Он взрослый человек, и никакого особенного смысла он не вкладывал в простой поцелуй, да и вообще это дело нехитрое, простое дело, и ничего оно не означает, и он даже думать не будет, просто поцелует ее, и все, и точка, и хватит, и это ничего, совсем ничего не означает…
Она вздохнула и обняла Родионова за шею, слегка подвинув его выпирающий локоть, и глаза у нее были закрыты, а он подсматривал сквозь ресницы!…
У нее оказалась тонкая и нежная кожа, которая странно сияла, или ему казалось, что она сияет? Она осторожно дышала, и с нежностью, поразившей его самого, большим пальцем он потрогал ее горло, вверх и вниз.

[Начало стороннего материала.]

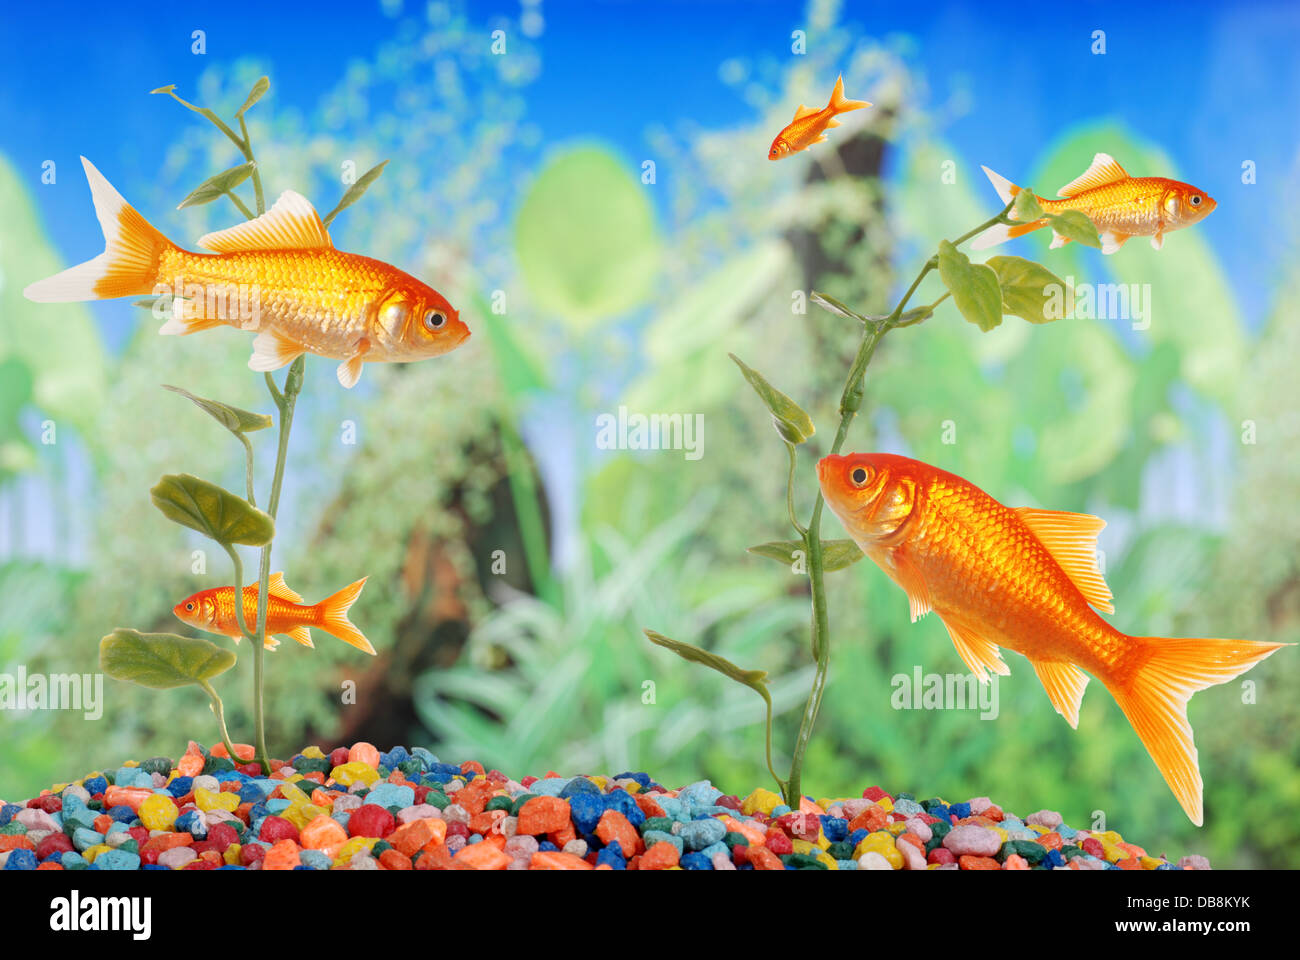 fish tank with goldfish - Stock Image

Уже пора было остановиться, потому что поцелуй затягивался, уводил их в нечто совсем другое, необъяснимое, невообразимое и — самое главное! — невозможное на этом диване, в комнате, полной кабинетной мебели, где, кроме них, была только тишина, и больше ничего.
И он сам сто раз говорил ей про «рамки»!
Эту арию про «рамки» Маша ненавидела.
Во Франкфурте, после какого-то нелегкого дня на книжной ярмарке, полного встреч, интервью, громогласных немцев-издателей и энергичных до искр из глаз литературных агентш, они вернулись в гостиницу довольно поздно, но Родионов вдруг еще придумал, что они должны выпить. Выпить в лобби-баре «Шератона», где они жили, он посчитал почему-то слишком банальным, и Маша, всегда и во всем с ним соглашавшаяся, потащилась нога за ногу искать «типичный немецкий» бар. Ничего такого не было поблизости — все закрыто, и бюргеры уютно почивали в своих кроватках, укрывшись клетчатыми теплыми одеялами, но они все-таки нашли бар, крохотный, с двумя игровыми автоматами и алюминиевой стойкой. Возле стойки стояли три неудобных стула, и какие-то люди играли на автоматах в футбол и громко переговаривались и хохотали. Хозяйка разговаривала по телефону и налила им виски, продолжая болтать.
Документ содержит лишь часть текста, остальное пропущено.